:: What is expected ::
Repeat the listing word for word. Leave every picture out.

:: Available data ::
☆ ☆ ☆

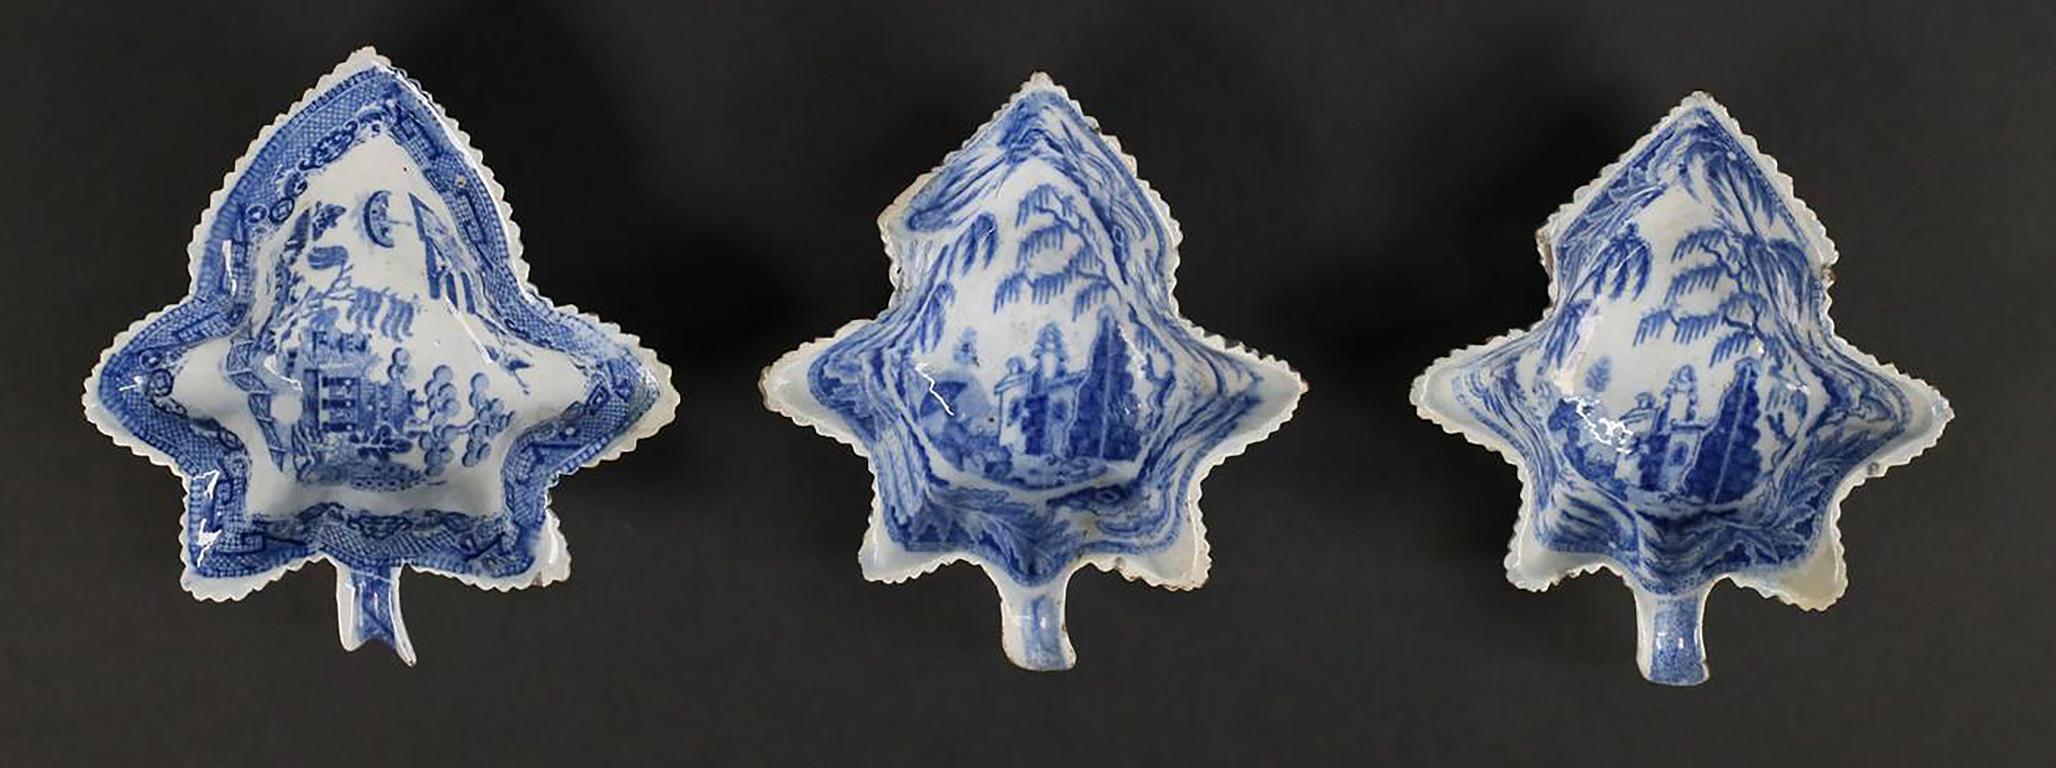 Drei blaue und weiße Staffordshire-Porzellanteller in Blattform mit Chinoiserie-Szenen im Kantonsstil

Anonym
Staffordshire, England; Erste Hälfte des 19. Jahrhunderts
Porzellan blau Transferware

Ungefähre Größe: 5,25 (L) x 5 (B) x 1,5 (H) pro

☆ ☆ ☆

:: Written answer ::
 Drei blaue und weiße Staffordshire-Porzellanteller in Blattform mit Chinoiserie-Szenen im Kantonsstil

Anonym
Staffordshire, England; Erste Hälfte des 19. Jahrhunderts
Porzellan blau Transferware

Ungefähre Größe: 5,25 (L) x 5 (B) x 1,5 (H) pro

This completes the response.